**SUPPLIED MATERIAL:**
---------------

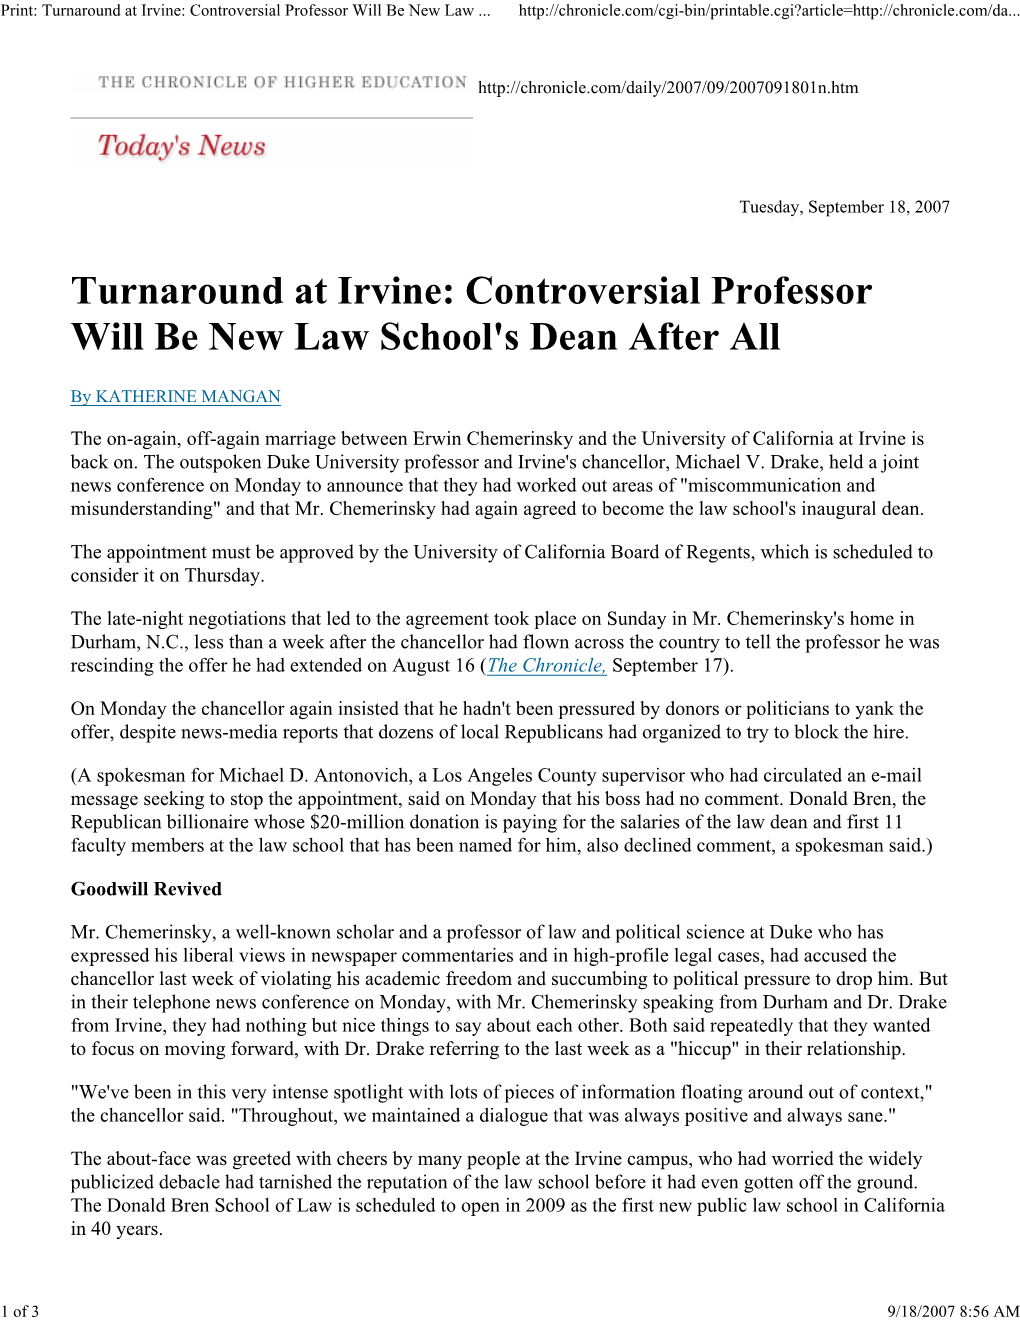 Turnaround at Irvine: Controversial Professor Will Be New Law
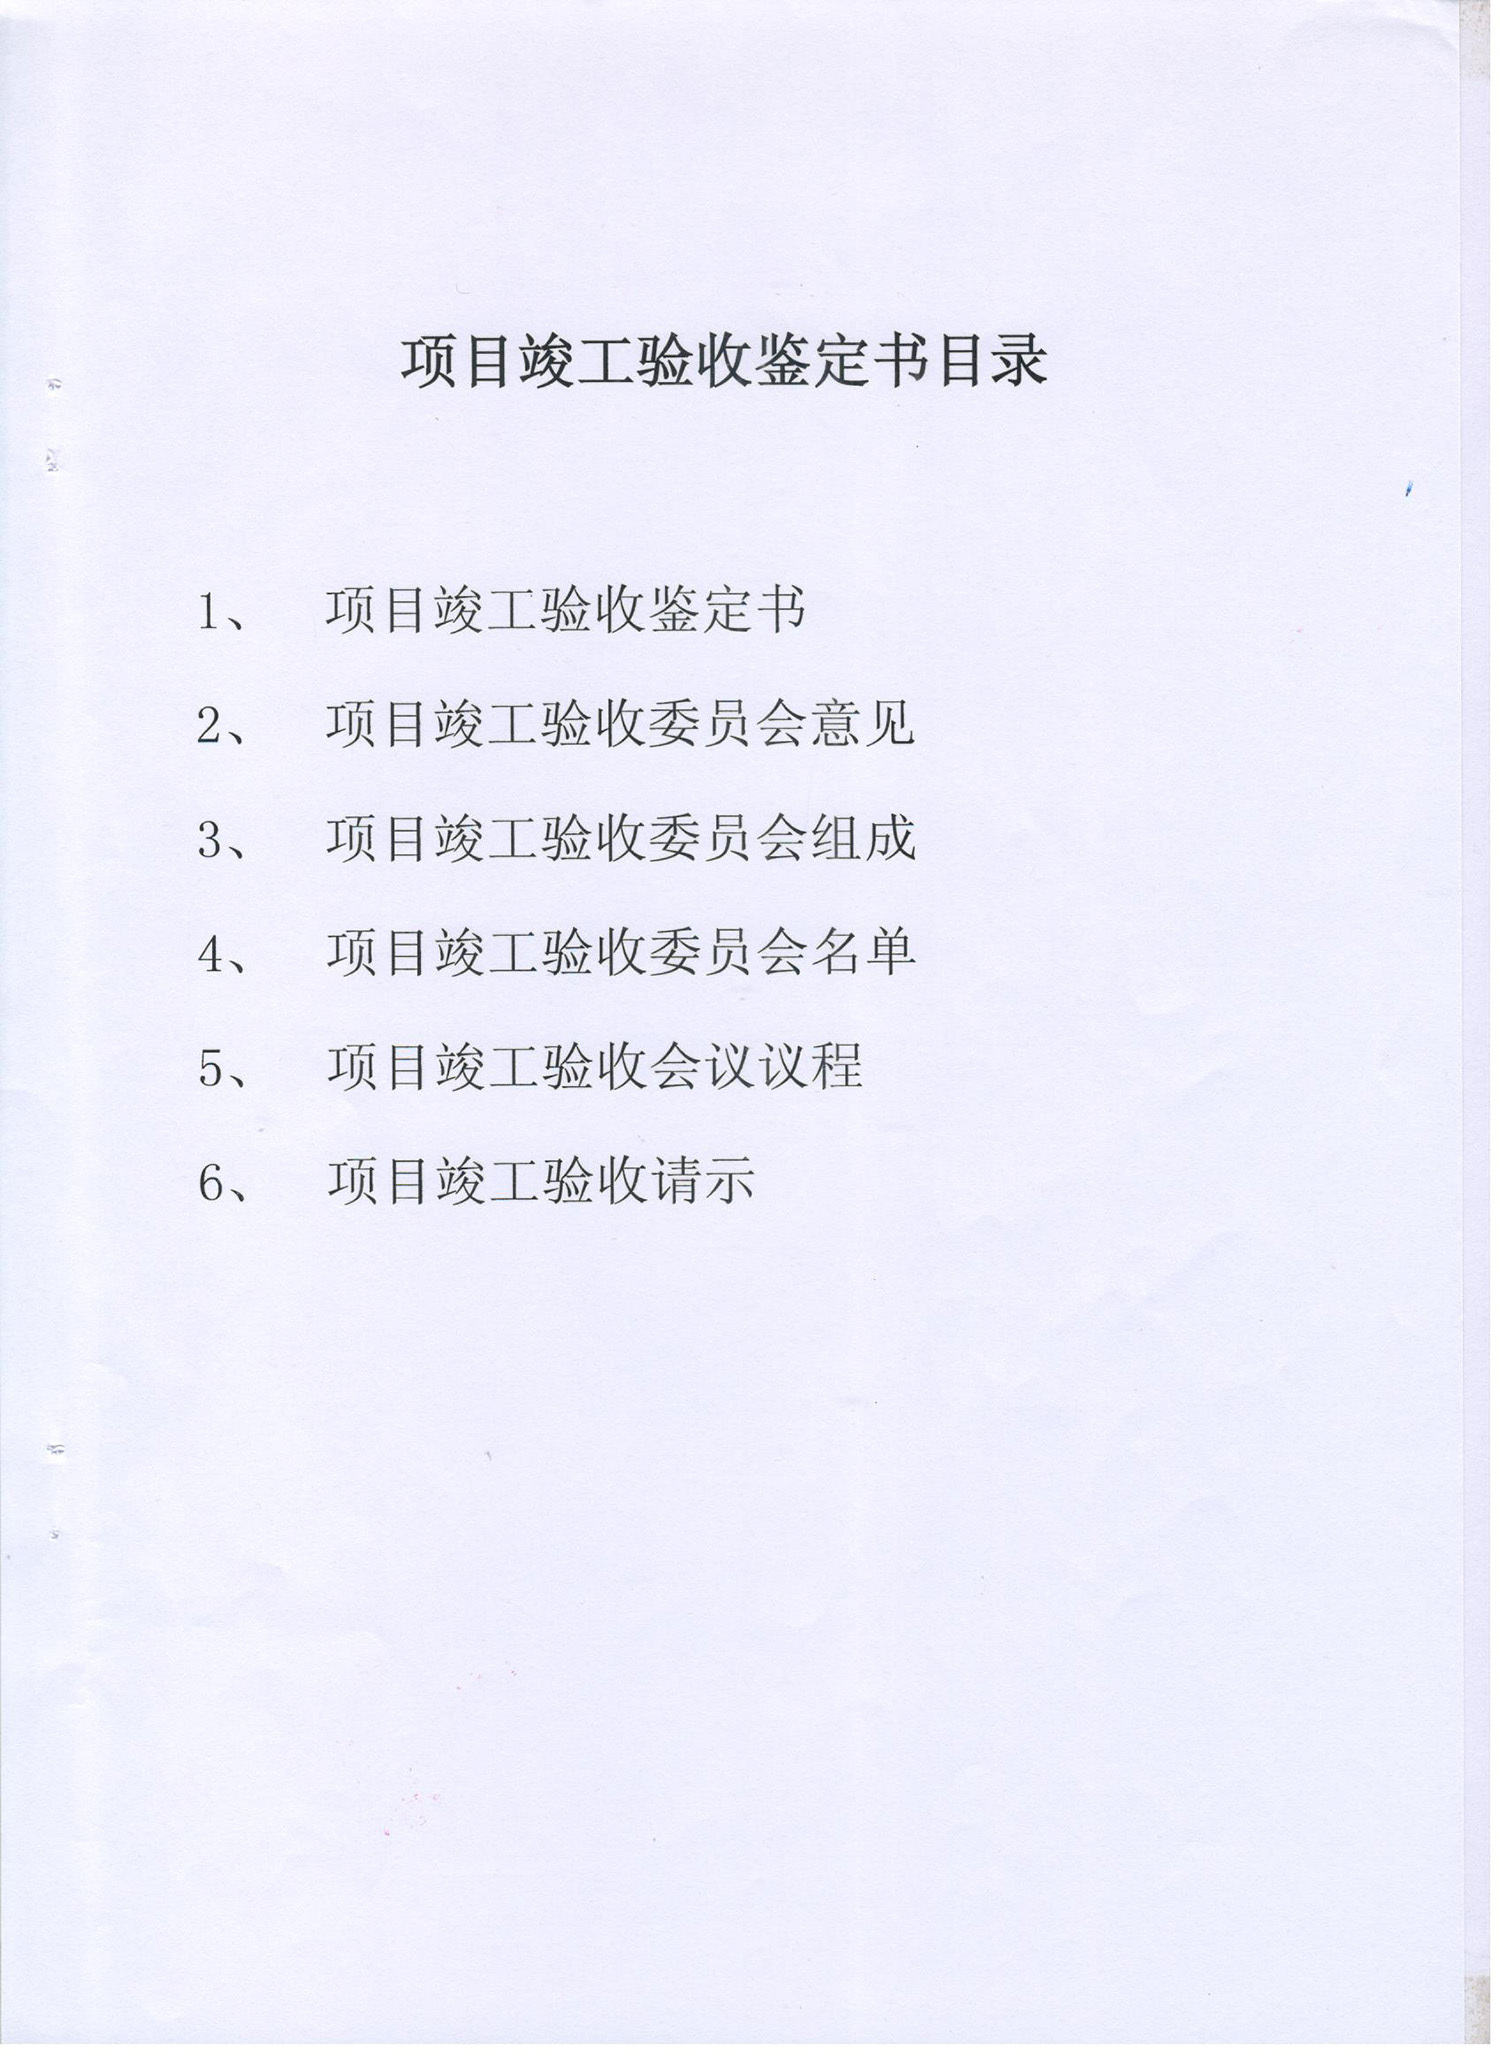 Acceptance Certificate of completion of 800t refined cadmium project of YUNNAN CHIHONG Zn & Ge CO., LTD.
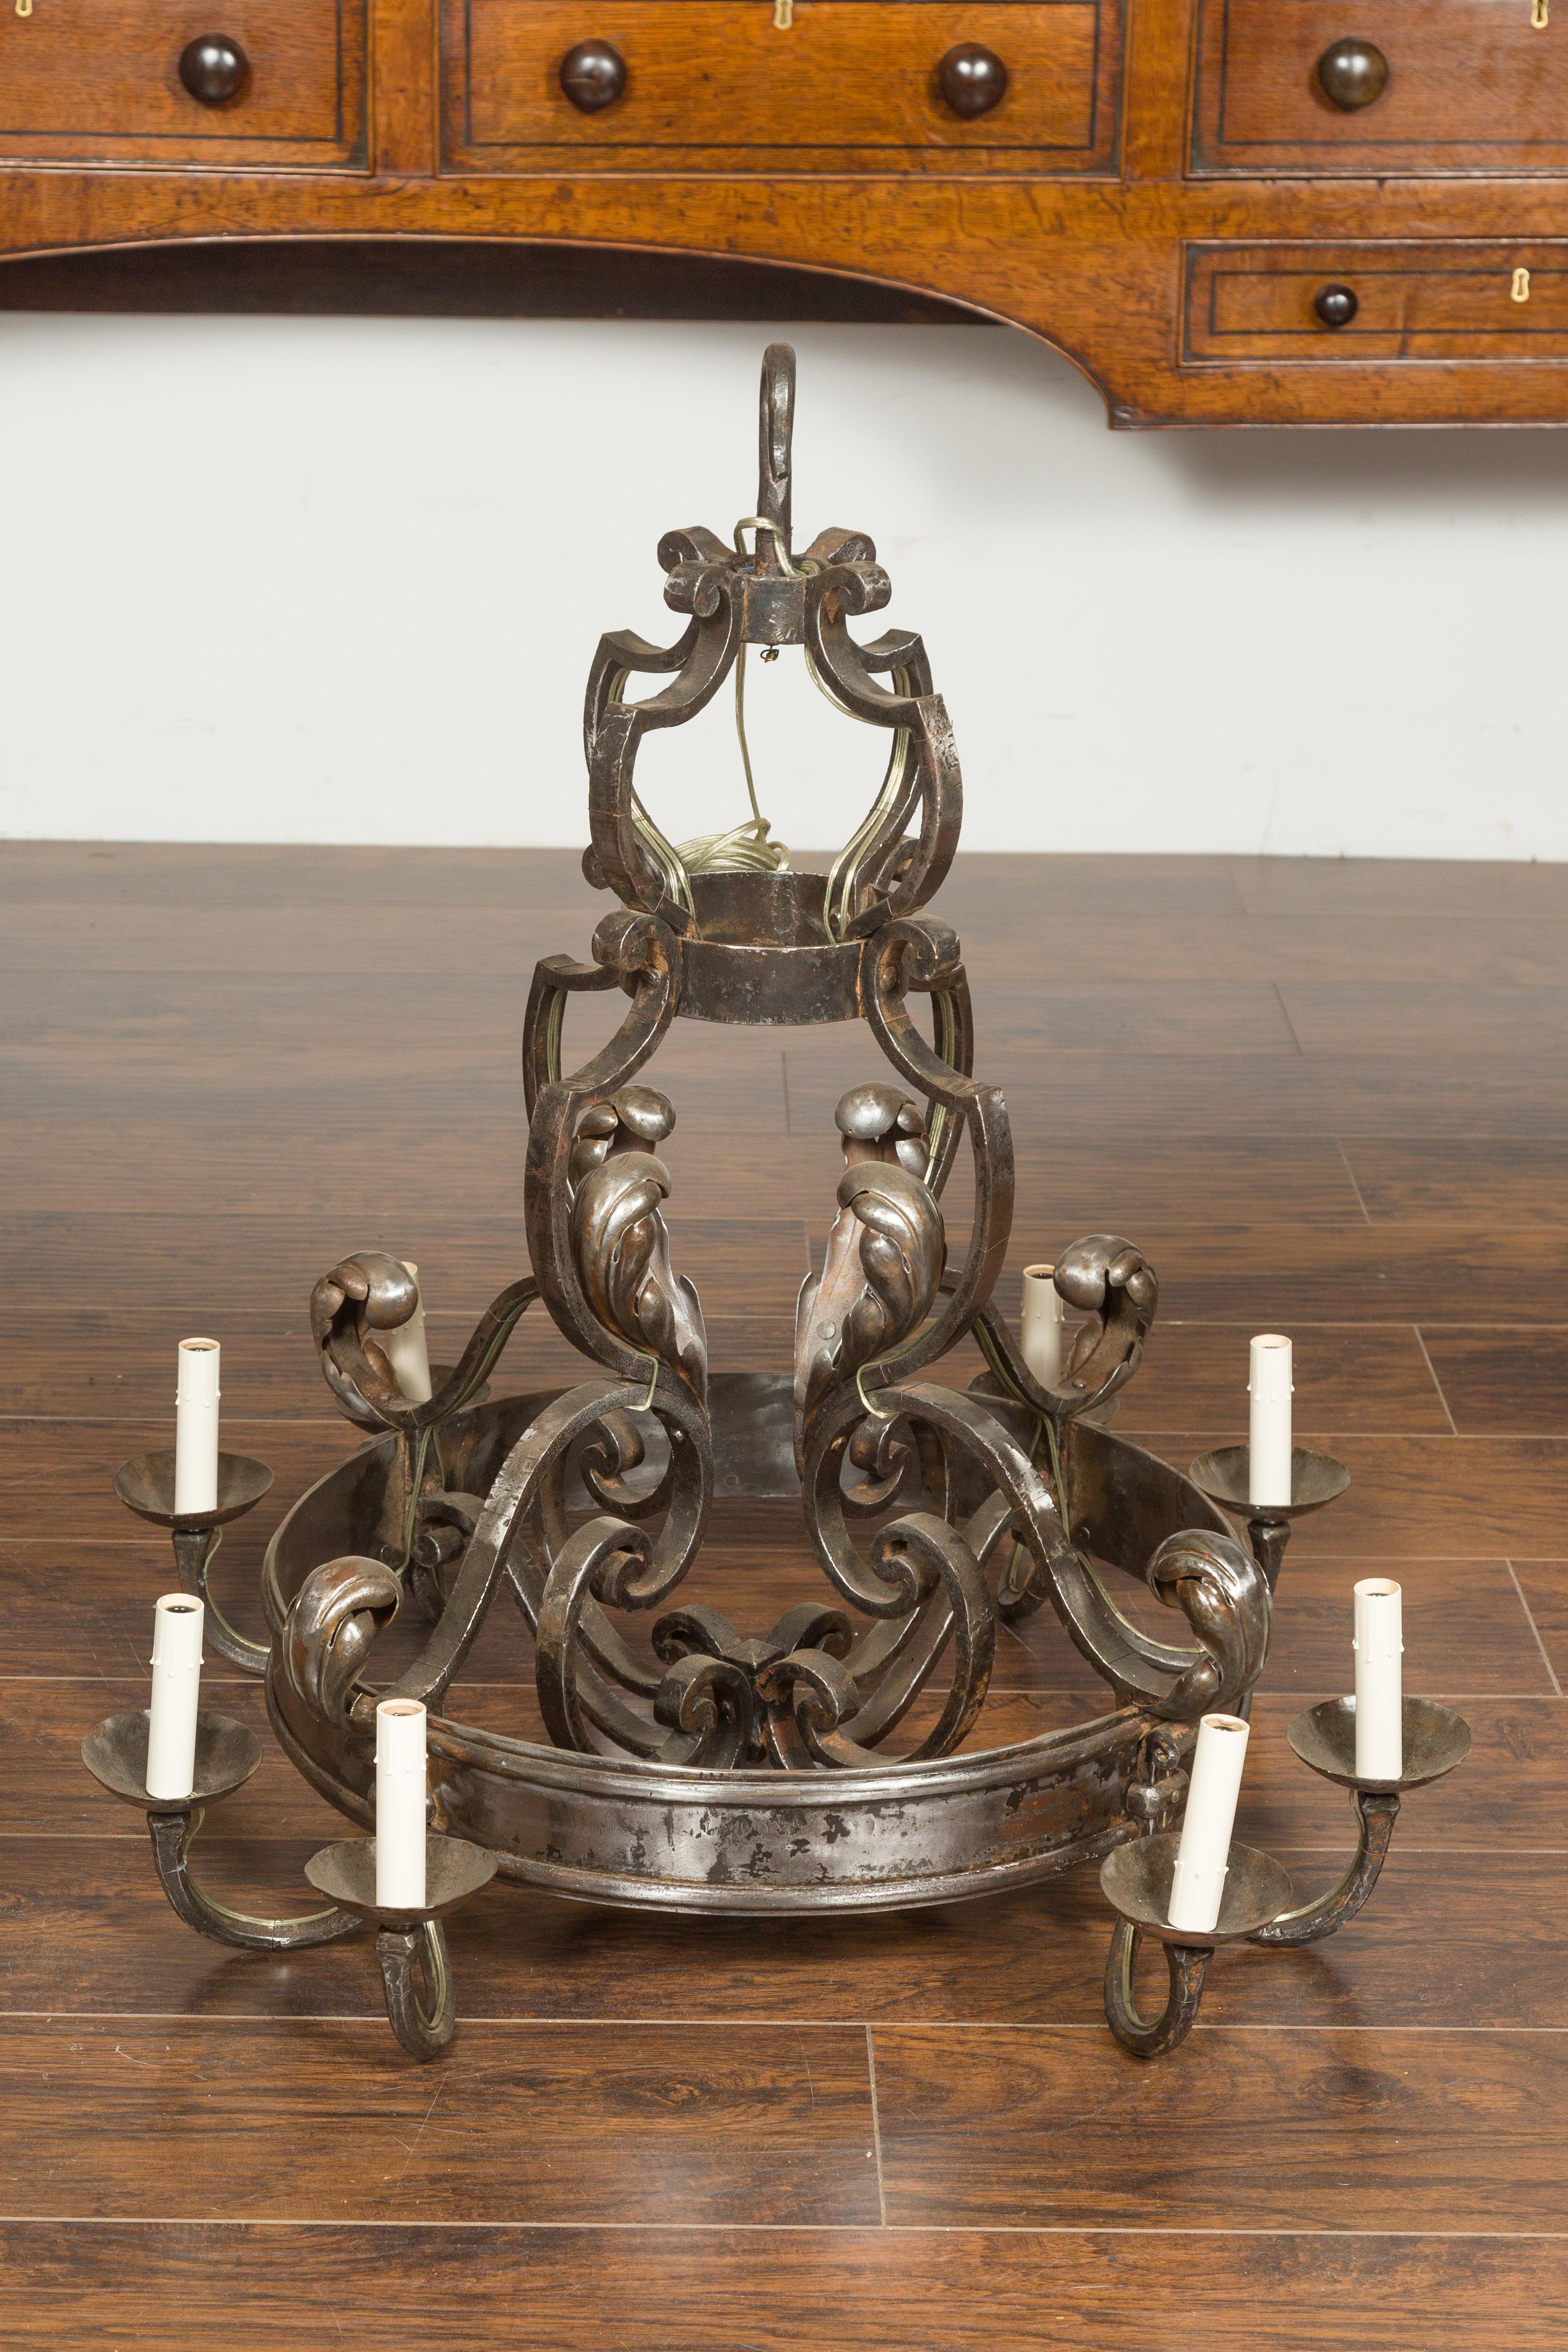 A French vintage polished steel eight-light chandelier from the mid-20th century, with acanthus leaves, rings and scrolling arms. Crafted in France during the midcentury period, this polished steel chandelier features an harmonious arrangement of
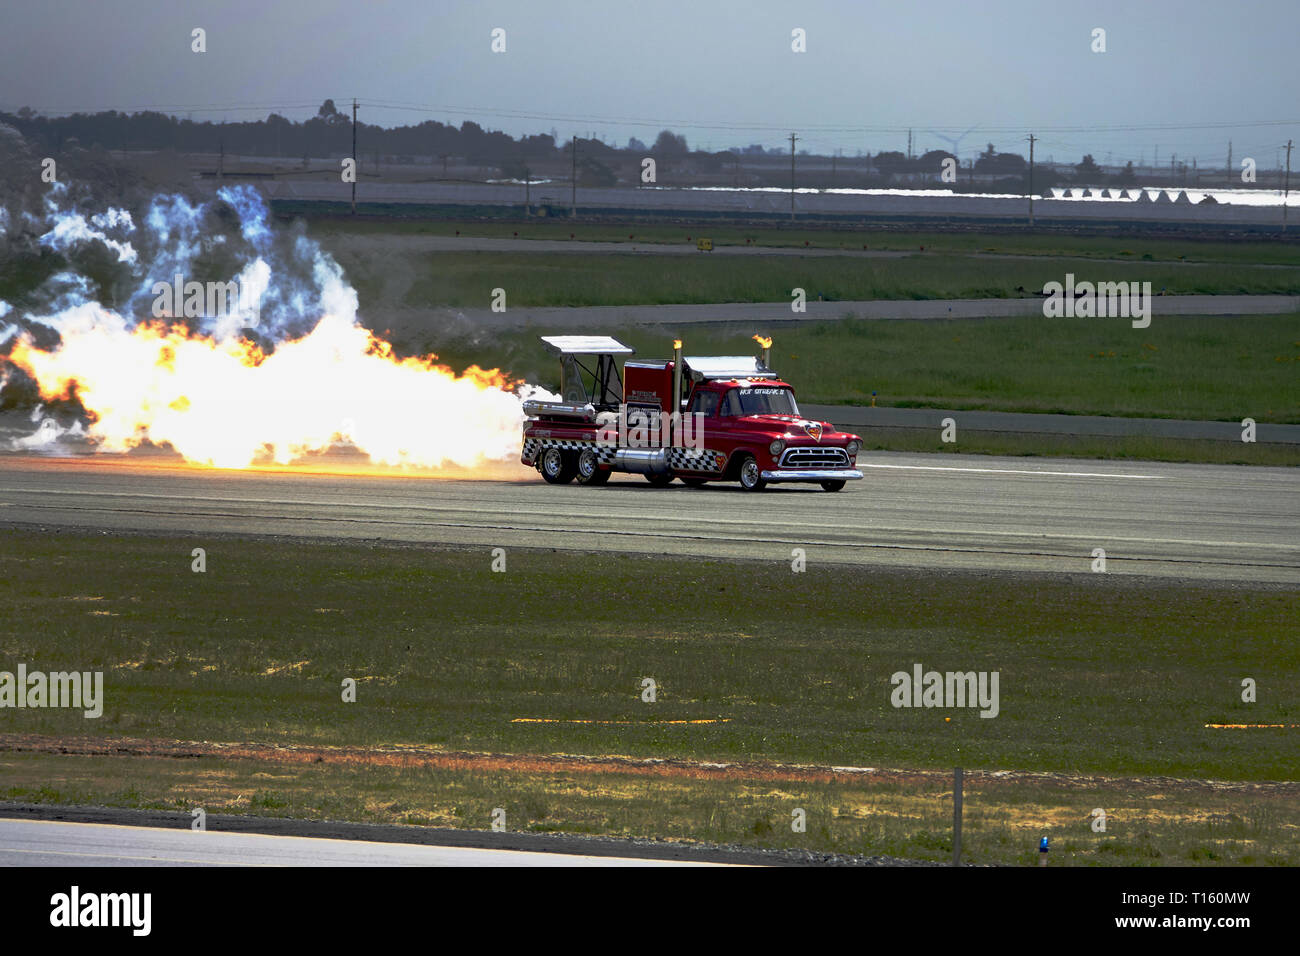 California, USA. 23rd Mar, 2019. 23rd March, 2019   Salinas, California, USA      Scenes from the annual  Salinas Air-Show, featuring the US Navy 'Blue Angels' arobatic team - here the 'Smoke and Thunder' Jet truck burns oil, and gas to an alarming degree. Credit: Motofoto/Alamy Live News Stock Photo

---------------

**WHAT THE EXERCISE ASKS:**
The lines from the one that contains "A French vintage" through the end of the data, repeated exactly and with no pictures, make up the whole answer.

**SOLVED PROBLEM:**
 A French vintage polished steel eight-light chandelier from the mid-20th century, with acanthus leaves, rings and scrolling arms. Crafted in France during the midcentury period, this polished steel chandelier features an harmonious arrangement of
 California, USA. 23rd Mar, 2019. 23rd March, 2019   Salinas, California, USA      Scenes from the annual  Salinas Air-Show, featuring the US Navy 'Blue Angels' arobatic team - here the 'Smoke and Thunder' Jet truck burns oil, and gas to an alarming degree. Credit: Motofoto/Alamy Live News Stock Photo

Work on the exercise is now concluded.